The study has lent more conclusive insights into the composition of Dark Matter, by eliminating the possibility of particles called axions
For several decades now, astronomers have been making frantic attempts to uncover the mystery that is dark matter. Despite the substance making up more than 85% of the universe, there is very little knowledge regarding its behavior or composition. Dark matter is invisible in nature, however, it can be detected by the weak interactions it has with other forms of matter. Scientists have spent a considerable amount of time, and resources, to understand this form of matter. Now, in a new study, a team of astronomers from the Massachusetts Institute of Technology (MIT), have ruled out the possibility of axions constituting dark matter, the strongest contender particle till now.

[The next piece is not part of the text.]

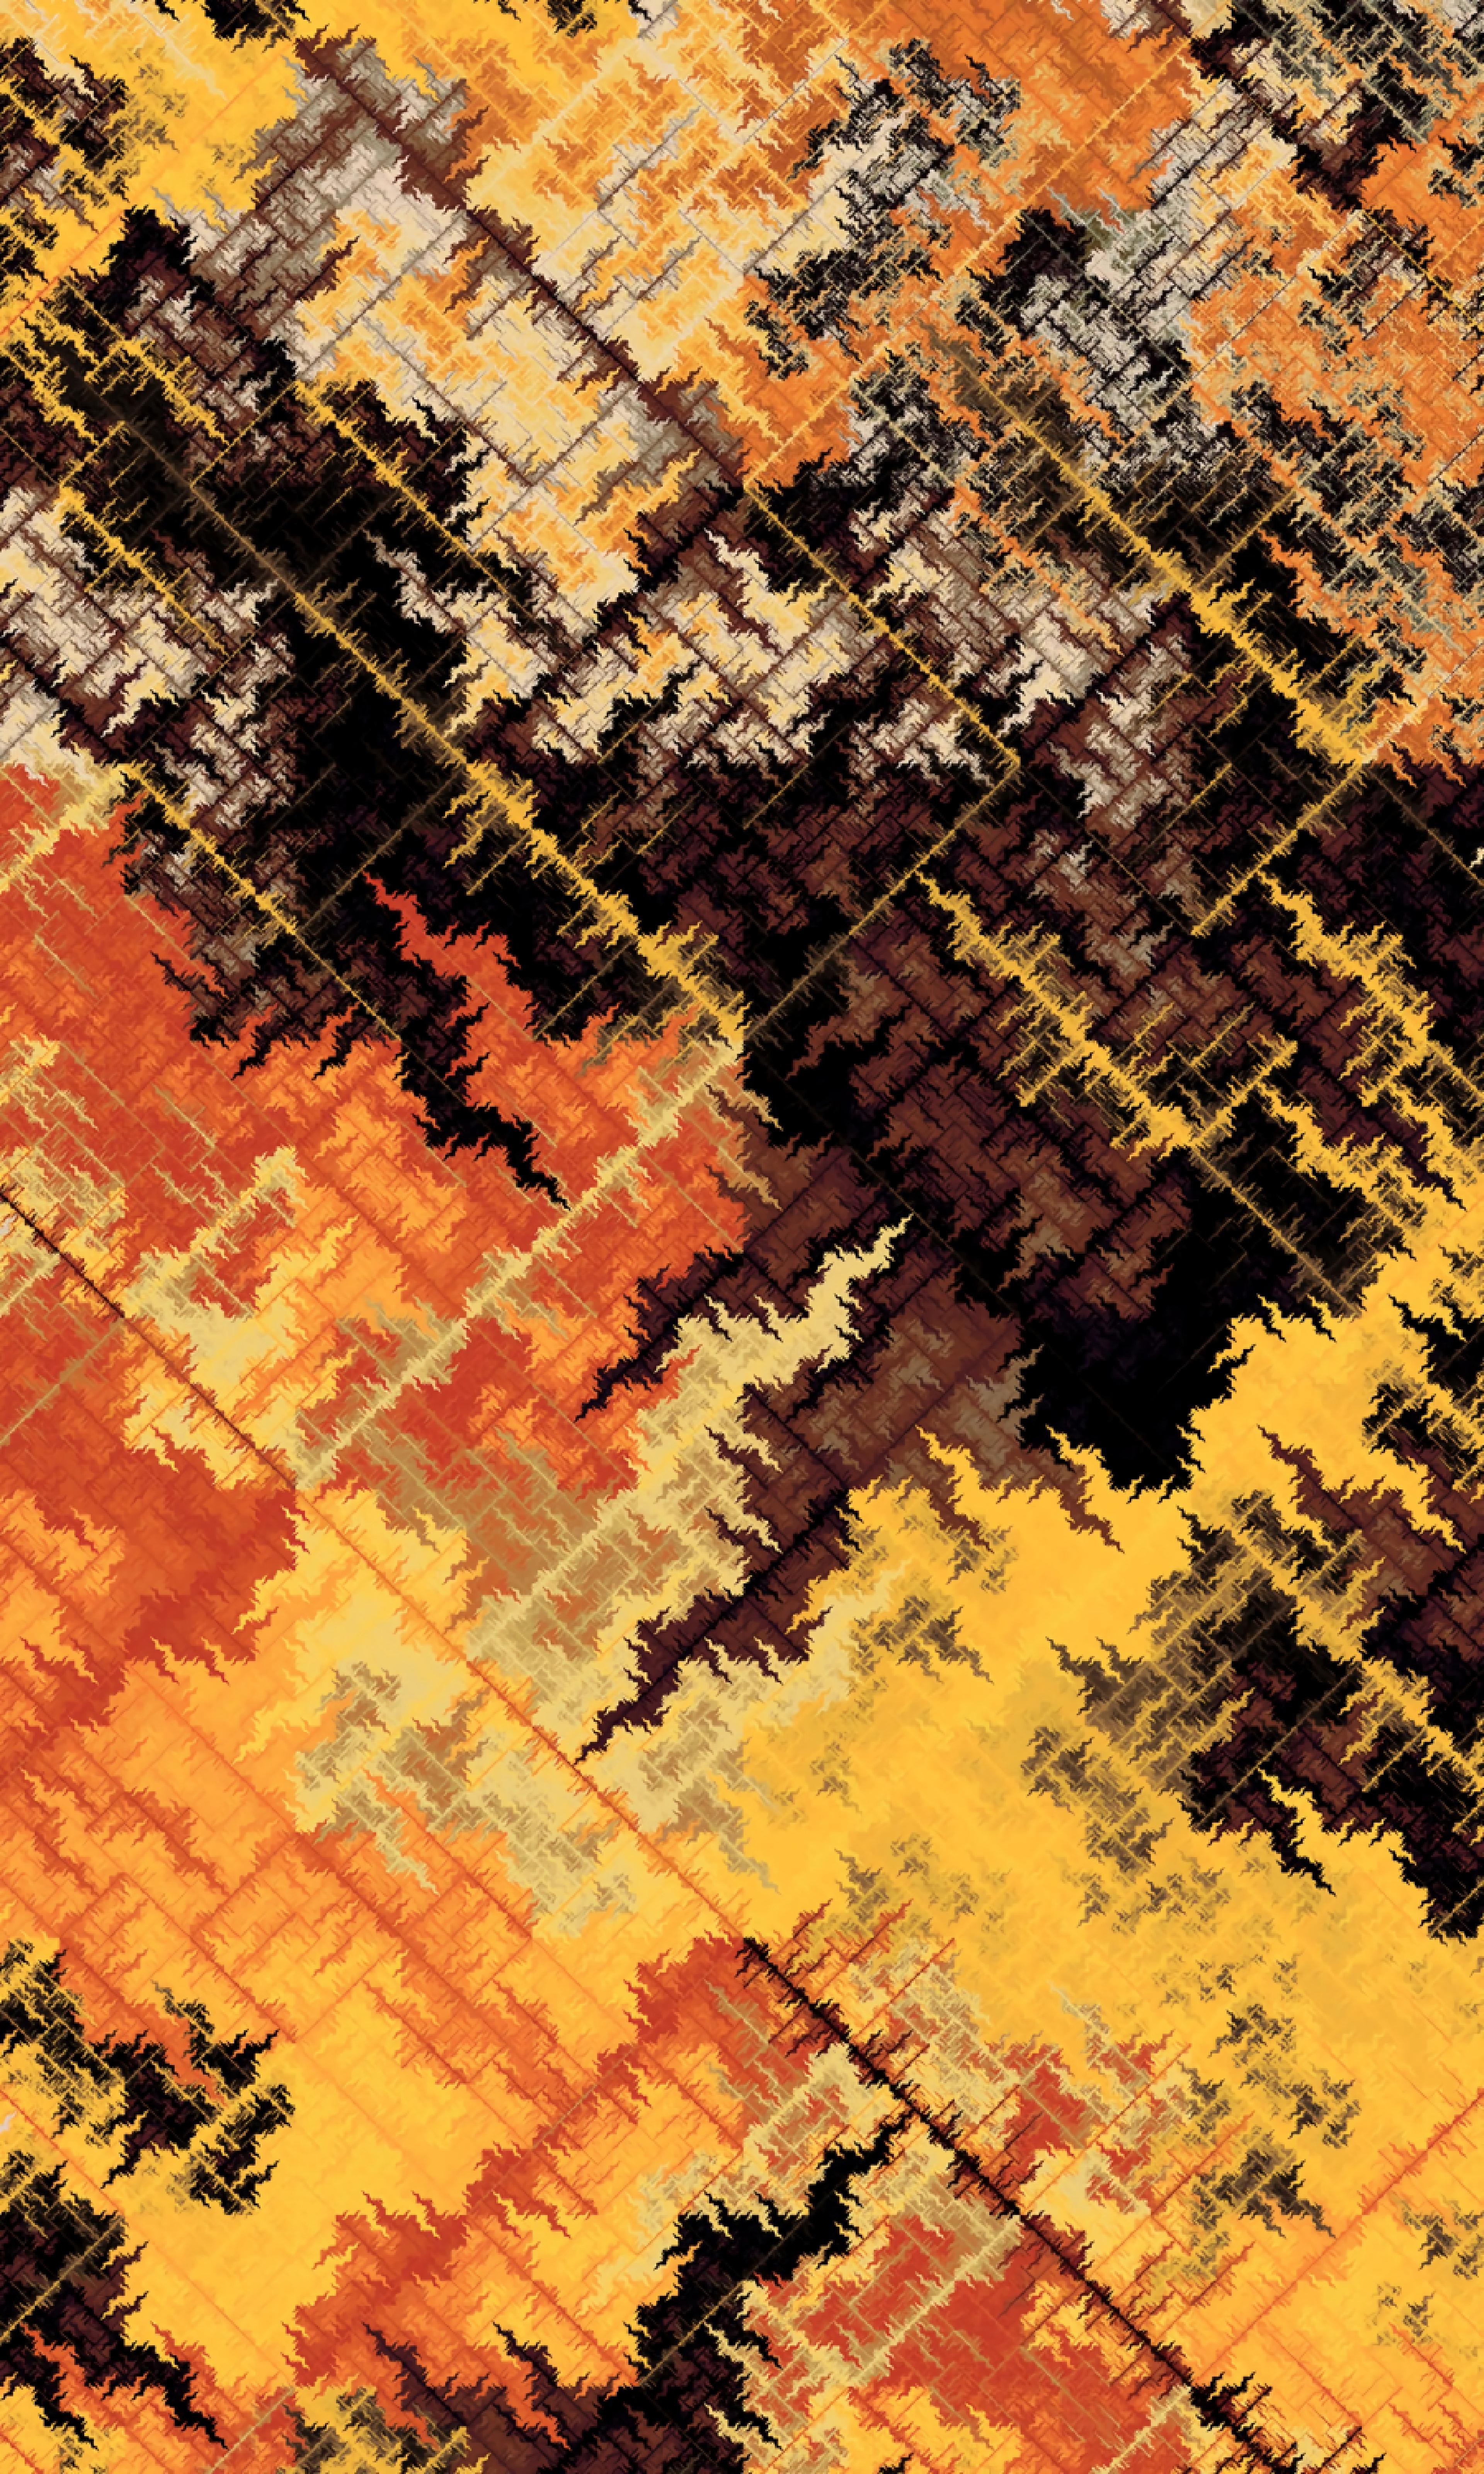 119515 Protetores de tela e papéis de parede Abstrato em seu telefone. Baixe Abstrato, Multicolorido, Motley, Padrão, Linhas, Fractal fotos gratuitamente

While scientists have not been able to directly identify what constitutes dark matter, they have resorted to ruling out possible particles instead. ‘Dark Photons’ were ruled out earlier, by the HADES particle detector. Some other Weakly-Interacting Massive Particles (WIMPs) have also been eliminated over previous studies. The scientific community has long suspected axions to be a major part of dark matter composition.
To test this theory, the researchers conducted an experiment, which they have dubbed ABRACADABRA (A Broadband/Resonant Approach to Cosmic Axion Detection with an Amplifying B-field Ring Apparatus). Magnetic fields cease to exist within a ring, in conventional physics. However the presence of axions in the ring, could trigger a weak response in the detectors. To test this, they made use of small magnet, enclosed in a chamber, at a temperature of absolute zero (0 K/ -273°c), suspended from a string, and enclosed in superconducting materials to rule out interference.
However, the team failed to detect any axions in the multiple mass ranges, which they tested. They plan to continue tests in other mass ranges, and with improved apparatus, which can detect weaker interactions as well.